Dr. James Carter: "The first difficulty is it's difficult for people to bring this problem up. In my opening questions when I'm doing my history and physical, I have a place where I ask if there's pain with intercourse because there's certain things that can cause this type of pain that are important for your doctor to know. So if you're having this problem, bring it up to your doctor if it's not asked because there are four areas that need to be considered. One - if it's at entry, this could be a problem with a mild infection or there could be a problem with muscles or fascia in that area. If it's a little bit deeper in, it's likely there may be a problem again with muscles or fascia especially if you're a very athletic person or if in the past you've played soccer or have been in ballet or been in any activities where the muscles and ligaments have been stressed. And these type of muscle and mild fascia pains are very common in women who have been athletically active, or in addition, in women where there may be some mild scoliosis or some problems with spine and problems with walking. In addition, if the pain is deep, there may be a problem with endometriosis and that course can be diagnosed by an exam which shows tenderness or nodularity on what we call the "uteral sacral ligaments" - the deep ligaments near the uterus. So if you're experiencing deep pain - it may be from endometriosis. In addition, there is a very common condition that approximately 10%-20% of women suffer from which can contribute to this, and we call that a "retroverted uterus." You may have been told by your doctor that your uterus is in the wrong position, and you may have found that when you have an exam by a physician that you have pain with this exam. If that's correct, then it may be simply that the uterus is tipped, and that may be what you've been told - your uterus is tipped. If it's tipped and you're experiencing pain with intercourse, it may very well be that tipped uterus. And now, Mark, there's a procedure that can be done in fifteen minutes through the laparoscope that can bring that uterus up to the proper position, bring it out of the "cul-de-sac," and get it out of the way so that that pain doesn't occur. We've had tremendous success with that."

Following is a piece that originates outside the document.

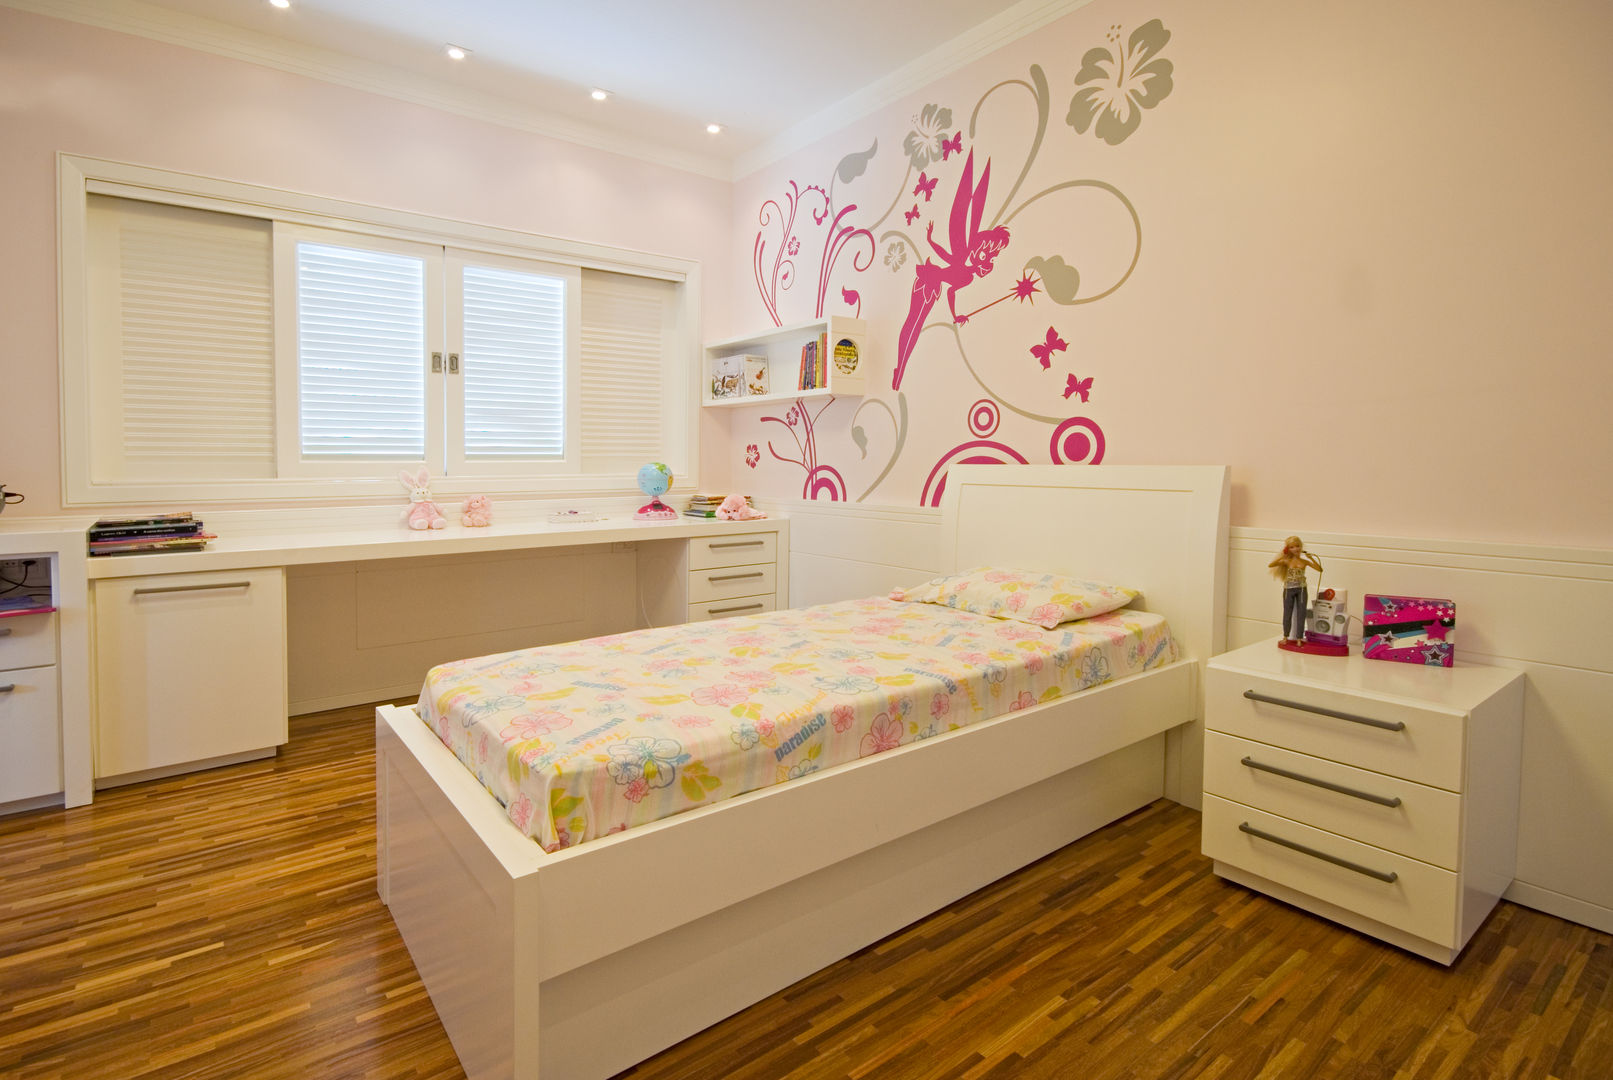 Casa Fbn, Lozí - Projeto e Obra Lozí - Projeto e Obra Nursery/kid’s room

Dr. Marshall Smith: "That sounds very, very encouraging, especially for those women that suffer from this problem and probably have suffered in silence. Thank you very much for being here with us today."

Dr. James Carter: "Your right about that Mark, about suffering in silence. Bring this issue up, bring it to the attention of your caregiver - it's important that they understand and know it."

Dr. Marshall Smith: "Very much so, thank you very much."